3/. If/when alignment with humans becomes an issue, I suspect that ai infrastructure will be very vulnerable...it's going to rely on power supply and fibre optic cables in the ground/under the sea. A significant effort from a world power/highly organised and well resourced group might disrupt and delay progress or even be able to take down a key competitor.

I very much believe we have already created the embryo for the next species to take over the earth/universe, and am sure progress will be rapid. However, I like to believe that we will ensure reasonable alignment over the next 20 years or so. I think history shows that truly global implementation needs the shifted mindset of the following generation.

Anatol Wegner, PhD's avatar

It is quite hilarious to call this an (improved!) model. This is just tea leaf reading using plots of made-up scaling laws in a desperate attempt to keep the AGI hype alive.

The whole foundation is the METR timescale paper, which is little more than a corporate data science story built on cherry-picked data (see my review: https://aichats.substack.com/p/are-ai-time-horizon-doubling-every?r=4tn68o ).

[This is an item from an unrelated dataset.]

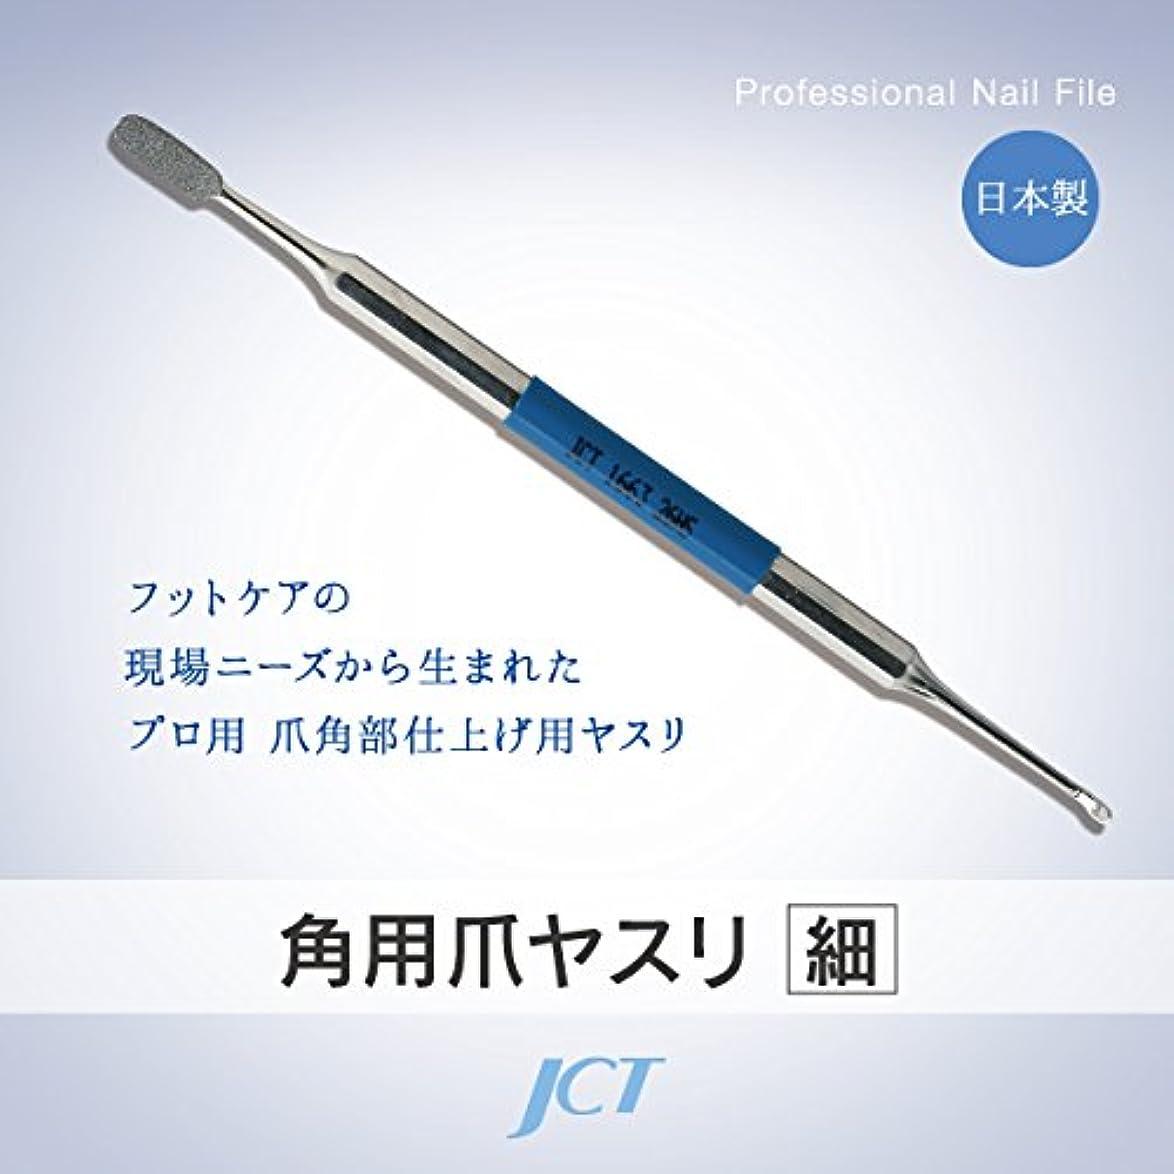 レキシコン拡声器切り刻むJCT メディカル フットケア ダイヤモンド角用爪ヤスリ(細) 滅菌可 日本製 1年間保証付

Not to mention the claim that current models can somehow magically be scaled into 'Automated Researchers,' which will then accelerate AI into ASI cloud-cuckoo-land. It’s a scifi fantasy masquerading as a forecast.

Malte's avatar

The assumption that economic incentives will naturally steer us away from catastrophe feels like the same market fundamentalism that gave us climate change. The real question is whether any decentralized system can handle coordination problems where local incentives point toward global disaster - we've never solved one of these before. What institutional designs could actually force coordination when every actor benefits from pushing further?

Spreadlove5683's avatar

I skimmed, so forgive if I'm missing something, but how does this cohere with the fact that many researchers at frontier labs say that AI is already writing 100% of their code?

David J Higgs's avatar

See the parts where they say that self-reports of AI productivity uplift are unreliable. And regardless, no one at the frontier labs is saying the AI does 100% of their job, or increases their overall coding productivity by 5x. It's a great tool, but the total uplift towards making better AI is clearly well under 1.5x, probably ~1.2x, maybe 1.1 or 1.3.

Spreadlove5683's avatar

Oh okay, thanks! I figured the distinction between an automated coder and a superhuman ai researcher in the timelines graph meant ai researchers would still be guiding the automated coder at the automated coder phase.